Then what is above code doing here?

Also, isn't QP1 a big deal? If it's missing then how do you
do multicast etc?

How does guest know it's missing?

...

> diff --git a/hw/net/pvrdma/pvrdma_utils.h b/hw/net/pvrdma/pvrdma_utils.h
> new file mode 100644
> index 0000000000..a09e39946c
> --- /dev/null
> +++ b/hw/net/pvrdma/pvrdma_utils.h
> @@ -0,0 +1,41 @@
> +/*
> + * QEMU VMWARE paravirtual RDMA interface definitions
> + *
> + * Developed by Oracle & Redhat
> + *
> + * Authors:
> + *     Yuval Shaia <yuval.shaia@oracle.com>
> + *     Marcel Apfelbaum <marcel@redhat.com>
> + *
> + * This work is licensed under the terms of the GNU GPL, version 2.
> + * See the COPYING file in the top-level directory.
> + *
> + */
> +
> +#ifndef PVRDMA_UTILS_H
> +#define PVRDMA_UTILS_H
> +
> +#include <include/hw/pci/pci.h>
> +
> +#define pr_info(fmt, ...) \
> +    fprintf(stdout, "%s: %-20s (%3d): " fmt, "pvrdma",  __func__, __LINE__,\
> +           ## __VA_ARGS__)
> +
> +#define pr_err(fmt, ...) \
> +    fprintf(stderr, "%s: Error at %-20s (%3d): " fmt, "pvrdma", __func__, \
> +        __LINE__, ## __VA_ARGS__)
> +
> +#ifdef PVRDMA_DEBUG
> +#define pr_dbg(fmt, ...) \
> +    fprintf(stdout, "%s: %-20s (%3d): " fmt, "pvrdma", __func__, __LINE__,\
> +           ## __VA_ARGS__)
> +#else
> +#define pr_dbg(fmt, ...)
> +#endif
> +
> +void pvrdma_pci_dma_unmap(PCIDevice *dev, void *buffer, dma_addr_t len);
> +void *pvrdma_pci_dma_map(PCIDevice *dev, dma_addr_t addr, dma_addr_t plen);
> +void *map_to_pdir(PCIDevice *pdev, uint64_t pdir_dma, uint32_t nchunks,
> +                  size_t length);
> +
> +#endif

Can you make sure all prefixes are pvrdma_?
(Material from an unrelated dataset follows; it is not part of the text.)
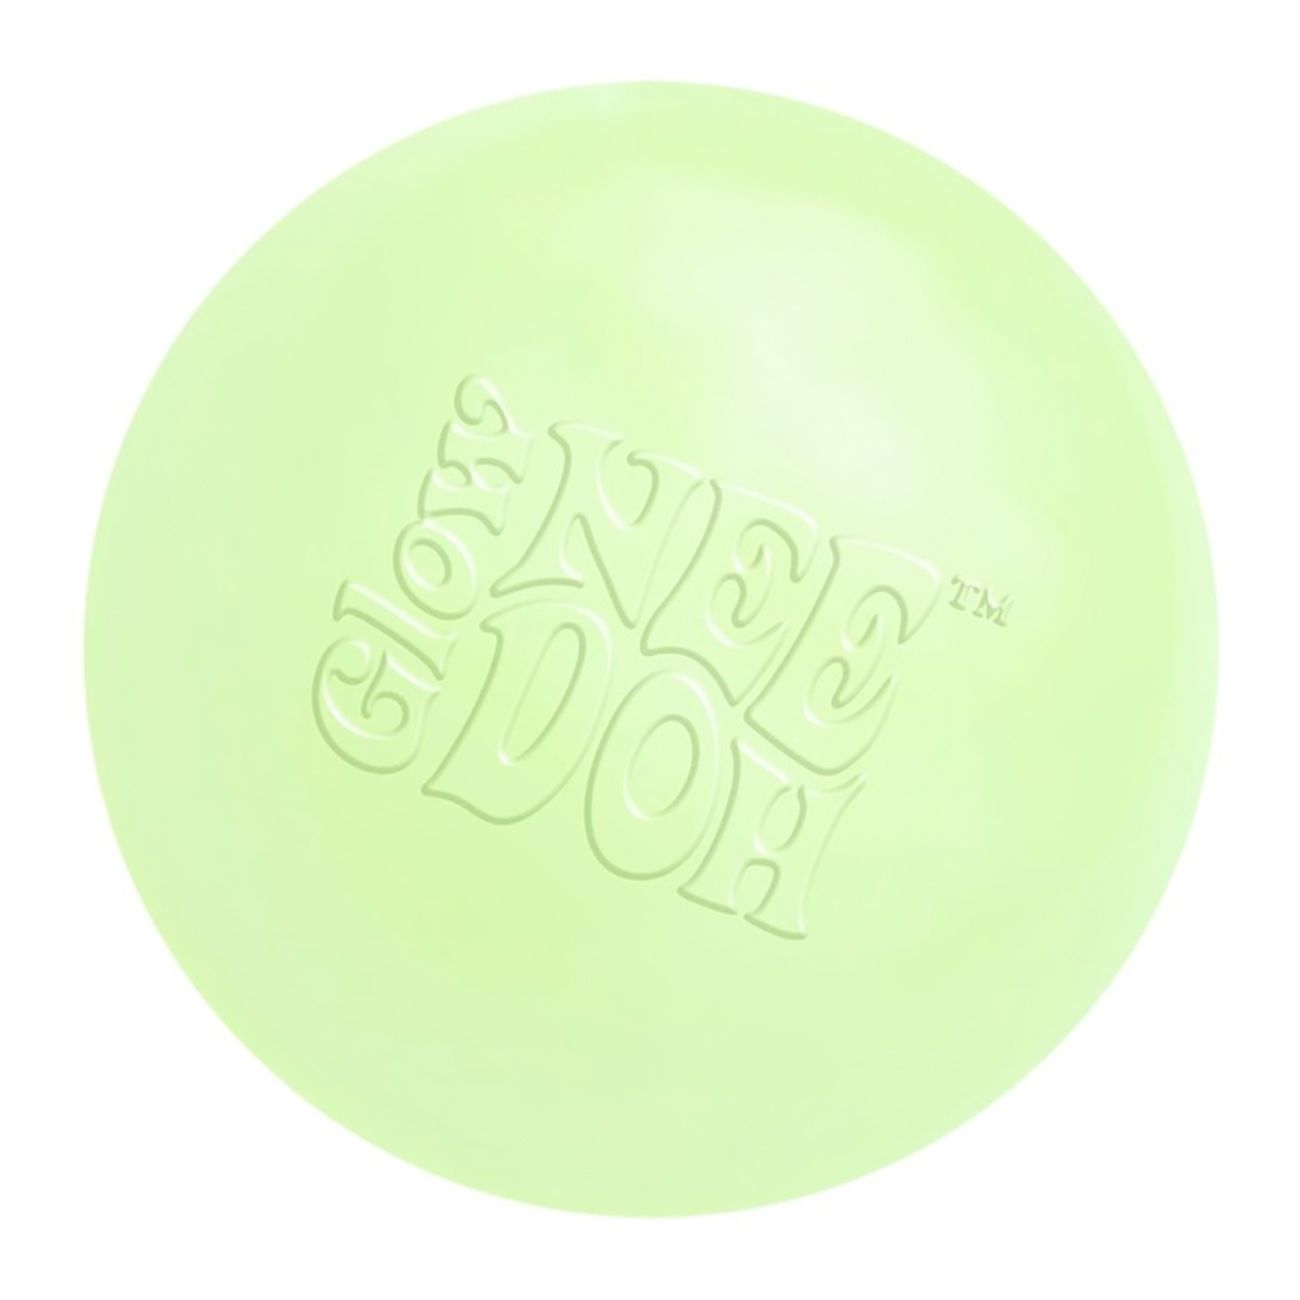 needoh-squeeze-ball-glow-in-the-dark-87168-1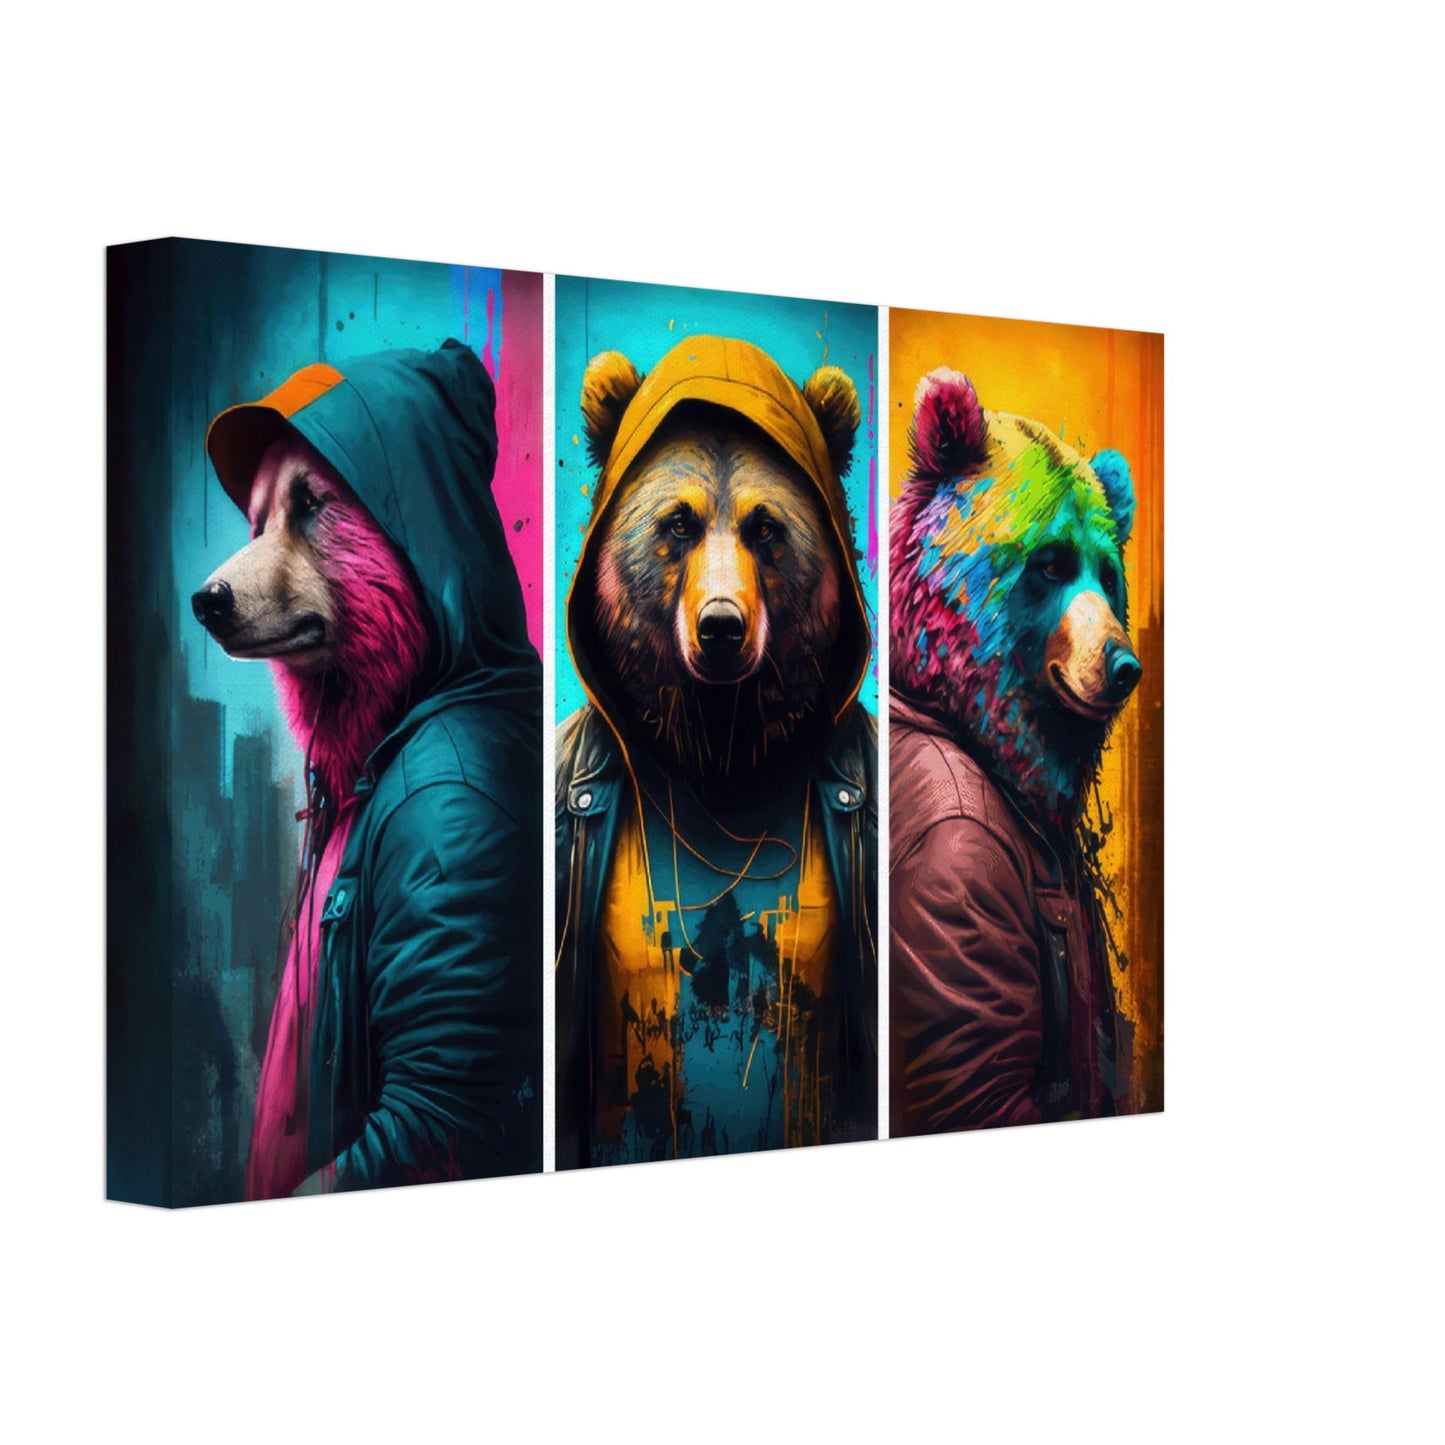 Beary Best - Bären Wandbild - Crazy Wildlife Leinwand ColorWorld im Querformat - Coole Tiere & Animals Kunstdruck

> diff --git a/hw/net/pvrdma/trace-events b/hw/net/pvrdma/trace-events
> new file mode 100644
> index 0000000000..bbc52286bc
> --- /dev/null
> +++ b/hw/net/pvrdma/trace-events
> @@ -0,0 +1,9 @@
> +# See docs/tracing.txt for syntax documentation.
> +
> +# hw/net/pvrdma/pvrdma_main.c
> +pvrdma_regs_read(uint64_t addr, uint64_t val) "regs[0x%lx] = 0x%lx"
> +pvrdma_regs_write(uint64_t addr, uint64_t val) "regs[0x%lx] = 0x%lx"
> +
> +#hw/net/pvrdma/pvrdma_backend.c
> +create_ah_cache_hit(uint64_t subnet, uint64_t net_id) "subnet = 0x%lx net_id = 0x%lx"
> +create_ah_cache_miss(uint64_t subnet, uint64_t net_id) "subnet = 0x%lx net_id = 0x%lx"
> diff --git a/include/hw/pci/pci_ids.h b/include/hw/pci/pci_ids.h
> index 35df1874a9..1dbf53627c 100644
> --- a/include/hw/pci/pci_ids.h
> +++ b/include/hw/pci/pci_ids.h
> @@ -266,4 +266,7 @@
>  #define PCI_VENDOR_ID_TEWS               0x1498
>  #define PCI_DEVICE_ID_TEWS_TPCI200       0x30C8
>  
> +#define PCI_VENDOR_ID_VMWARE             0x15ad
> +#define PCI_DEVICE_ID_VMWARE_PVRDMA      0x0820
> +
>  #endif
> -- 
> 2.13.5